[HN Gopher] Automatically Make Unit Tests
       ___________________________________________________________________
        
       Automatically Make Unit Tests
        
       Author : todsacerdoti
       Score  : 39 points
       Date   : 2021-05-19 09:57 UTC (13 hours ago)
        
 (HTM) web link (wiki.call-cc.org)
 (TXT) w3m dump (wiki.call-cc.org)
        
       | ehutch79 wrote:
       | How does it know what to test? If I have a function named
       | calc_potential_margin, how does it know what the output should
       | be?
        
         | darthrupert wrote:
         | By evaluating it.
        
           | ehutch79 wrote:
           | Awesome, is there a python version of this, never touching
           | test code and having a full test suite with corner cases and
           | whatnot would be awesome
        
       | darthrupert wrote:
       | Pretty good. Essentially just a way to save function executions
       | and replay them later against previous evaluation results.
       | 
       | I would guess that Jupyter notebooks could easily be made into
       | such a thing as well. Also doctests with editor integration might
       | work like this already?
        
       | teddyh wrote:
       | This turns REPL expressions into tests, which is useful if you do
       | REPL-driven development, which admittedly is common in the
       | Lisp/Scheme world.
        
       | peterlk wrote:
       | This brings to mind a conversation that I've had several times
       | over the years. It goes something like this:
       | 
       | > Wouldn't it be cool if we could have code that would test
       | itself?
       | 
       | > Yeah, if only there were some kind of automated way to
       | encapsulate the requirements of classes and methods that could
       | ensure that they behaved within some known boundaries...?
       | 
       | We've had automated unit tests for quite some time, but they are
       | more often called compiler checks. Want your "automated unit
       | tests" to be more comprehensive? Improve your type system and
       | your compiler!
       | 
       | With all that said, I do not want to be dismissive of peoples'
       | projects. This is fun and neat.
        
         | sidmitra wrote:
         | Type checking, compile-time errors won't check if the program
         | you wrote is correct, only that it's internally consistent.

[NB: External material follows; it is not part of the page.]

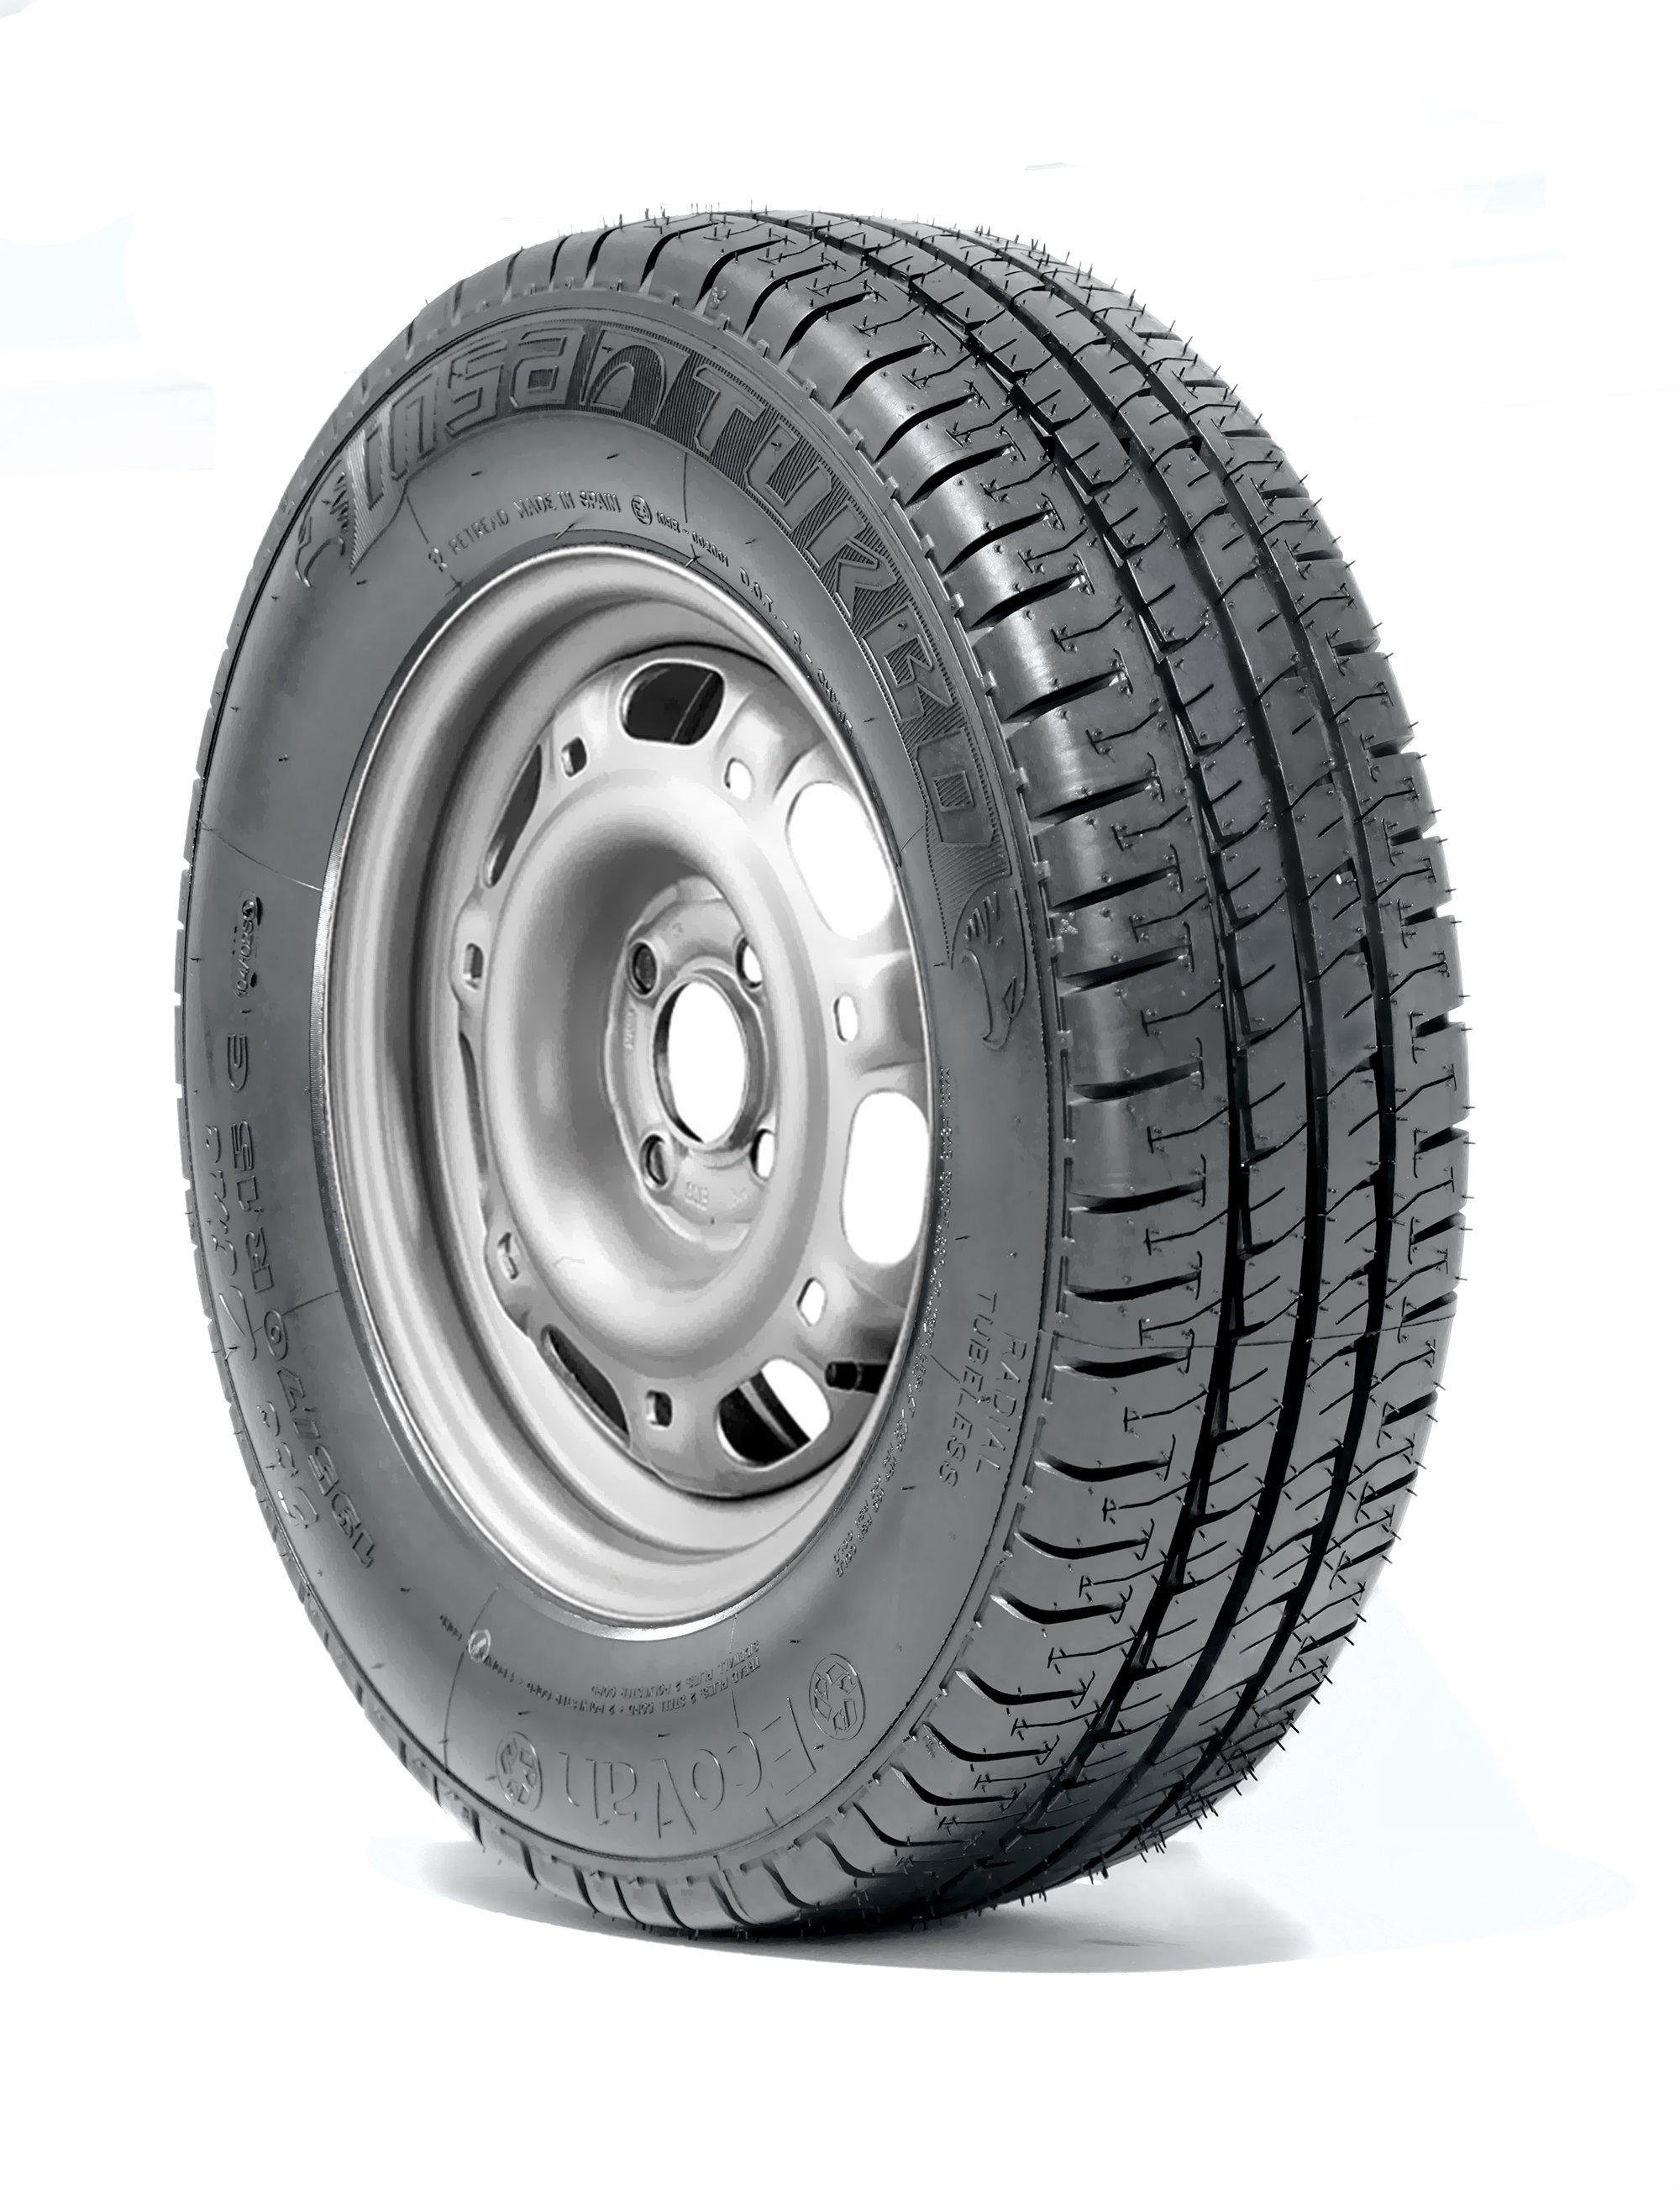 insa-turbo-ecovan-205-75r16110r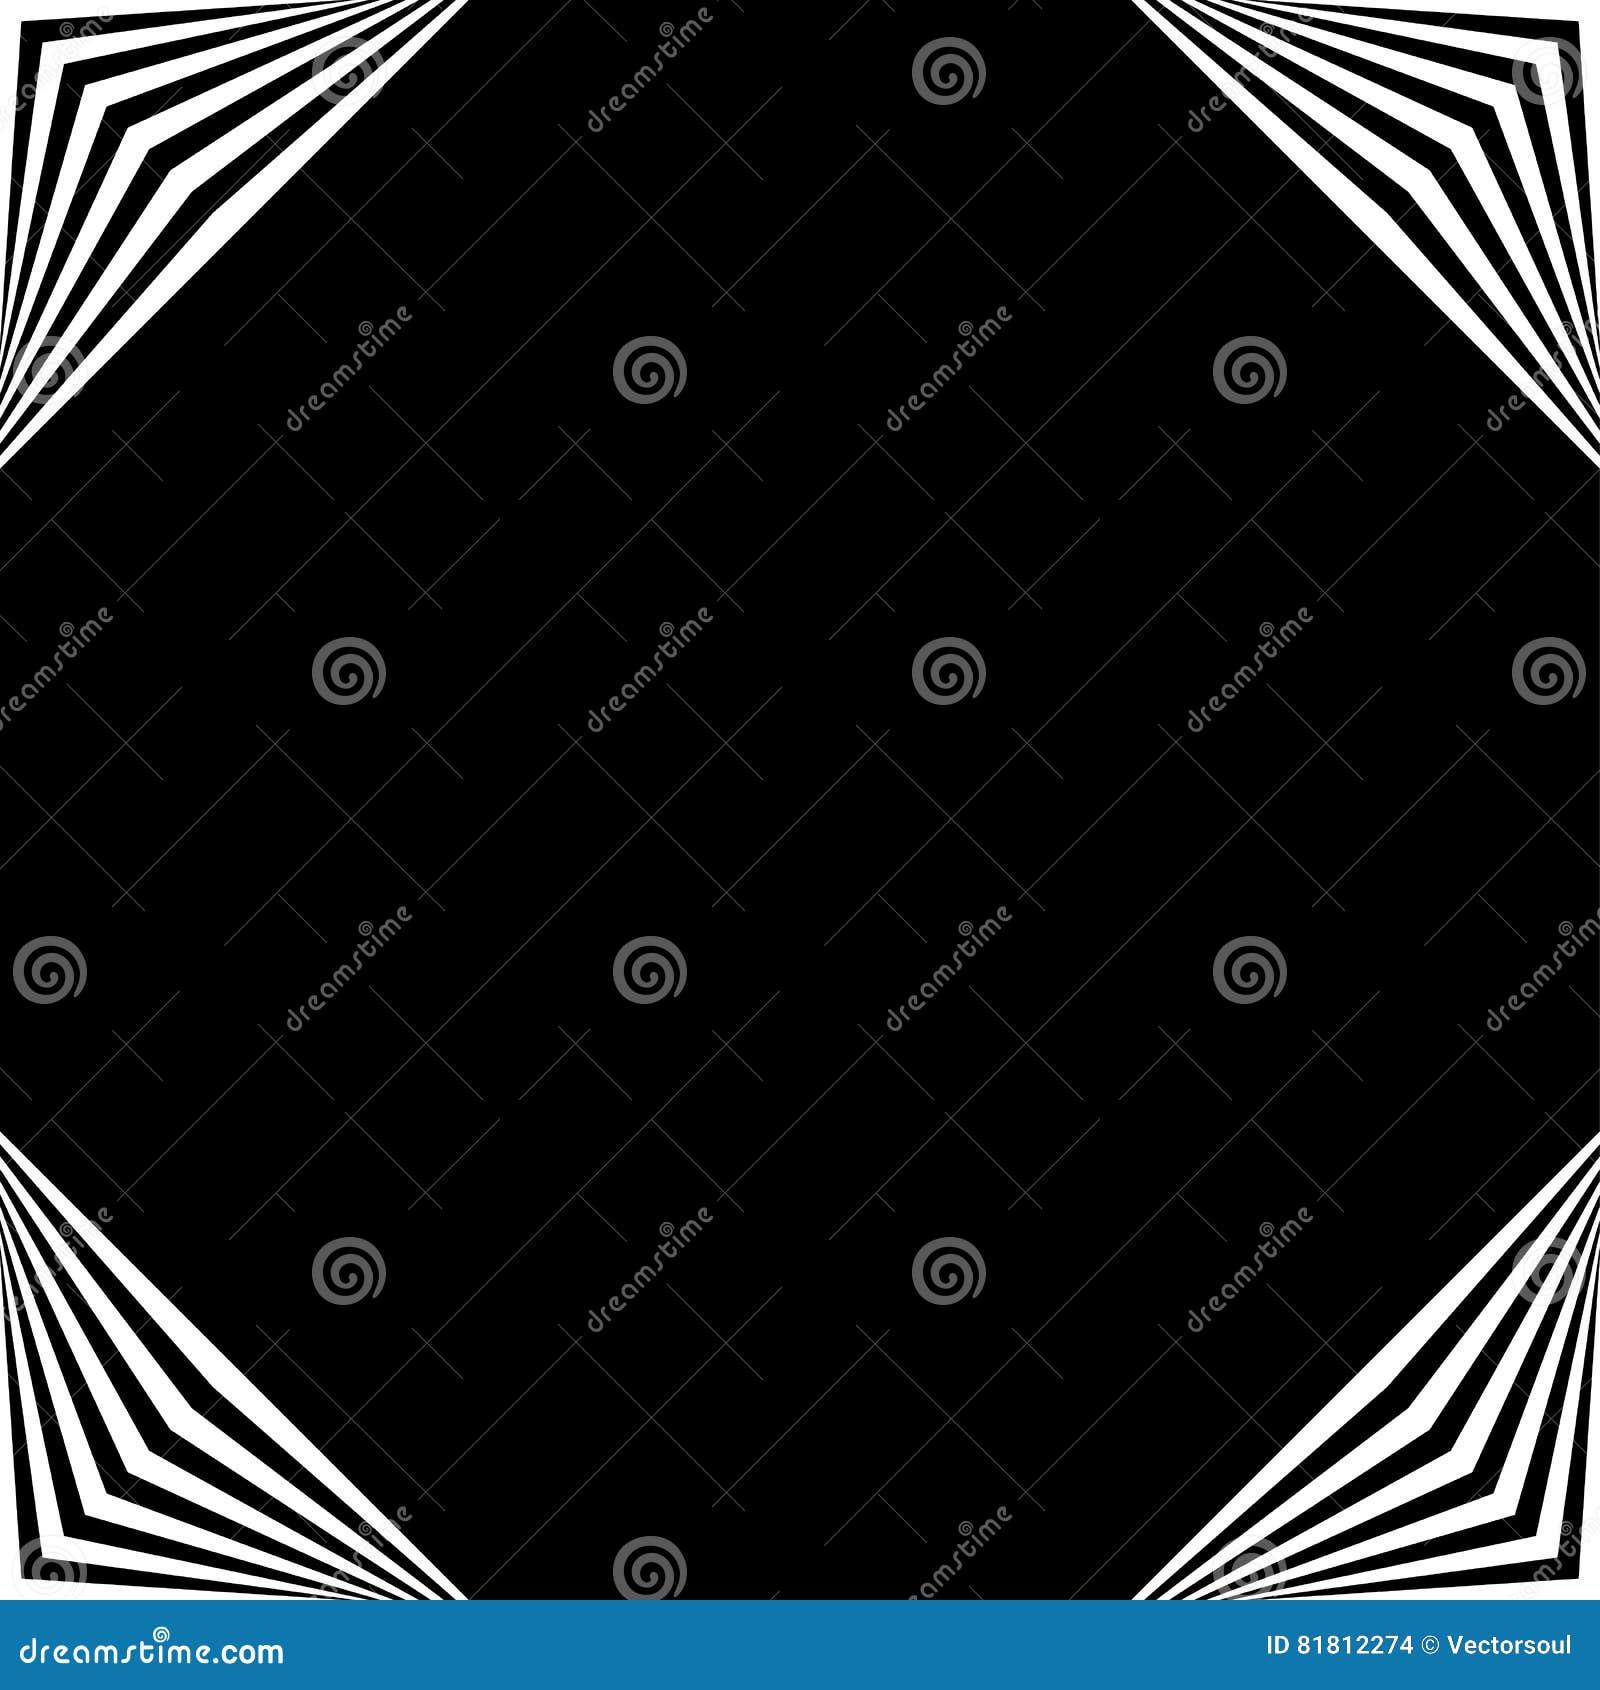 Рамка квадратного формата геометрическая, элемент границы с украшением на

         | That is an entirely different thing than checking for
         | correctness. You do need a layer of tests that actually try to
         | prove that given some input your program actually does what
         | it's supposed to do. That is hard to automate.
         | 
         | Joe Armstrong(of the Erlang fame), talks about this a bit here:
         | https://youtu.be/TTM_b7EJg5E?t=778
         | 
         | I've pointed to a specific timestamp, but there might be more
         | details somewhere else in that talk.
        
           | bollu wrote:
           | That's untrue. There are type-systems and type-checkers which
           | can check for _correctness_ , as specified by a mathematical
           | formula. This is proof assistants such as Coq[1] work. For
           | example, take a look at fiat-crypto [2], a project that
           | generates code that is _correct by mathematical proof_ , and
           | is now deployed in Chrome. Another famous example is the
           | CompCert [3] compiler, a C compiler along with a correctness
           | proof that the compiler generates assembly which correctly
           | simulates the C semantics.
           | 
           | These are based on powerful types as "dependent types" which
           | can encode mathematics and programs in the same programming
           | language, and allow the mathematics to "talk about" the
           | program. The mathematical underpinning is the Curry-Howard-
           | Lambek correspondence.
           | 
           | [1] https://coq.inria.fr/ [2] https://github.com/mit-
           | plv/fiat-crypto [3] https://compcert.org/ [4] https://en.wiki
           | pedia.org/wiki/Curry%E2%80%93Howard_correspon...
        
         | carlmr wrote:
         | The next thing is semi-automatic tests, which you can do with
         | property based testing, fuzz testing, and sanitizers.
        
       | lgleason wrote:
       | I have yet to see an effective version of these "wonder" tools
       | actually work in practice. That said, they make great snake oil
       | for testing automation teams that often end up doing manual
       | testing because the promises of the "easy" automation were never
       | fulfilled.
       | 
       | Too many people looking for silver bullets.
        
       | danpalmer wrote:
       | This is neat, it reminds me of Hypothesis which does randomised
       | property-based testing and if it finds a failing edge case it
       | saves it to a database so that it's always used in future test
       | runs.
       | 
       | That said, I suspect I'd find a similar limitation with this as
       | with Hypothesis. Most of the tests I write aren't for pure
       | functions, or require a fair amount of setup or complex
       | assertions. It's possible to write test helpers that do all of
       | this, and I do, but too much of that means tests that are complex
       | enough to need their own tests, so I think it's important to
       | balance.
       | 
       | This is probably specific to my normal work (Python, web
       | services), but I'd suspect applies to a lot of testing done
       | elsewhere.
        
         | CloselyChunky wrote:
         | > Most of the tests I write aren't for pure functions
         | 
         | In response to this, I recommend the "Functional Core,
         | Imperative Shell"[0] talk/pattern. The idea is to extract your
         | business logic as pure functions independent of the data access
         | layer. This pattern allowed me to test large portions of a code
         | base using property tests. This works really well in most cases
         | and gives me much more confidence in the product that will be
         | deployed.
         | 
         | [0]:
         | https://www.destroyallsoftware.com/screencasts/catalog/funct...
        
       | xutopia wrote:
       | This feels like it defeats the purpose of writing tests though.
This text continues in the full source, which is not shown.